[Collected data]
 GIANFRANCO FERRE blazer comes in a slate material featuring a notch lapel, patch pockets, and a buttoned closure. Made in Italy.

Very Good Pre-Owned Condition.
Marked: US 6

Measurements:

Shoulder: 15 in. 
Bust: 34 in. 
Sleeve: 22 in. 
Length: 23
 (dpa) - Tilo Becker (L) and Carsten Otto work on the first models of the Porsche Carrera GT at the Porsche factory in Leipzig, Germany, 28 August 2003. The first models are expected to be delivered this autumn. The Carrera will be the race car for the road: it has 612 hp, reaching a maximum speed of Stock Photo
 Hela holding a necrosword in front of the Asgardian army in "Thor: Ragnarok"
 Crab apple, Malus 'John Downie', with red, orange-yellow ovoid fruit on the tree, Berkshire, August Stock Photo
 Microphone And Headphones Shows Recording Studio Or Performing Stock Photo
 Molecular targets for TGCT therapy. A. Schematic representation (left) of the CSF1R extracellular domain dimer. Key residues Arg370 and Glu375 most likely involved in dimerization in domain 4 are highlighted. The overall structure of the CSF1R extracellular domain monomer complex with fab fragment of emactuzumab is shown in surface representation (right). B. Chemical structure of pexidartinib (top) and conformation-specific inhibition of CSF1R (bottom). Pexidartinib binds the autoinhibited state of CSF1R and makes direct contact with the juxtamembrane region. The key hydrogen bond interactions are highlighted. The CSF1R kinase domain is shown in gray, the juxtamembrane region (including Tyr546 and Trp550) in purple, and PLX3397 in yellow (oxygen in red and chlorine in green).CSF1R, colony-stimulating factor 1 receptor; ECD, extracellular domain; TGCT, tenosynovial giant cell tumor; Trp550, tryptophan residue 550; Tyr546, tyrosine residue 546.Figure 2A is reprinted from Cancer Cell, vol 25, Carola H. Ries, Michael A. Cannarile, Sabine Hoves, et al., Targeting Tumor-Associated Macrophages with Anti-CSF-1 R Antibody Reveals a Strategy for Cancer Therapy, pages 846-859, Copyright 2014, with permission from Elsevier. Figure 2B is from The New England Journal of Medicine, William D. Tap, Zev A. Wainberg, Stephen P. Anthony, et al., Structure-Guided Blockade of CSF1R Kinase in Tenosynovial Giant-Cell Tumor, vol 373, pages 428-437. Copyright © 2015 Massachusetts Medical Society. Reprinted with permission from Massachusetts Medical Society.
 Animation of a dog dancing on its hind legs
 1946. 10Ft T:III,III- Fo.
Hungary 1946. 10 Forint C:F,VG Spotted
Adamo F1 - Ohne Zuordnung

- **What to work on**
In the records, locate each line holding the string "with" and copy it.

- **Output for this task**
 Crab apple, Malus 'John Downie', with red, orange-yellow ovoid fruit on the tree, Berkshire, August Stock Photo
 Molecular targets for TGCT therapy. A. Schematic representation (left) of the CSF1R extracellular domain dimer. Key residues Arg370 and Glu375 most likely involved in dimerization in domain 4 are highlighted. The overall structure of the CSF1R extracellular domain monomer complex with fab fragment of emactuzumab is shown in surface representation (right). B. Chemical structure of pexidartinib (top) and conformation-specific inhibition of CSF1R (bottom). Pexidartinib binds the autoinhibited state of CSF1R and makes direct contact with the juxtamembrane region. The key hydrogen bond interactions are highlighted. The CSF1R kinase domain is shown in gray, the juxtamembrane region (including Tyr546 and Trp550) in purple, and PLX3397 in yellow (oxygen in red and chlorine in green).CSF1R, colony-stimulating factor 1 receptor; ECD, extracellular domain; TGCT, tenosynovial giant cell tumor; Trp550, tryptophan residue 550; Tyr546, tyrosine residue 546.Figure 2A is reprinted from Cancer Cell, vol 25, Carola H. Ries, Michael A. Cannarile, Sabine Hoves, et al., Targeting Tumor-Associated Macrophages with Anti-CSF-1 R Antibody Reveals a Strategy for Cancer Therapy, pages 846-859, Copyright 2014, with permission from Elsevier. Figure 2B is from The New England Journal of Medicine, William D. Tap, Zev A. Wainberg, Stephen P. Anthony, et al., Structure-Guided Blockade of CSF1R Kinase in Tenosynovial Giant-Cell Tumor, vol 373, pages 428-437. Copyright © 2015 Massachusetts Medical Society. Reprinted with permission from Massachusetts Medical Society.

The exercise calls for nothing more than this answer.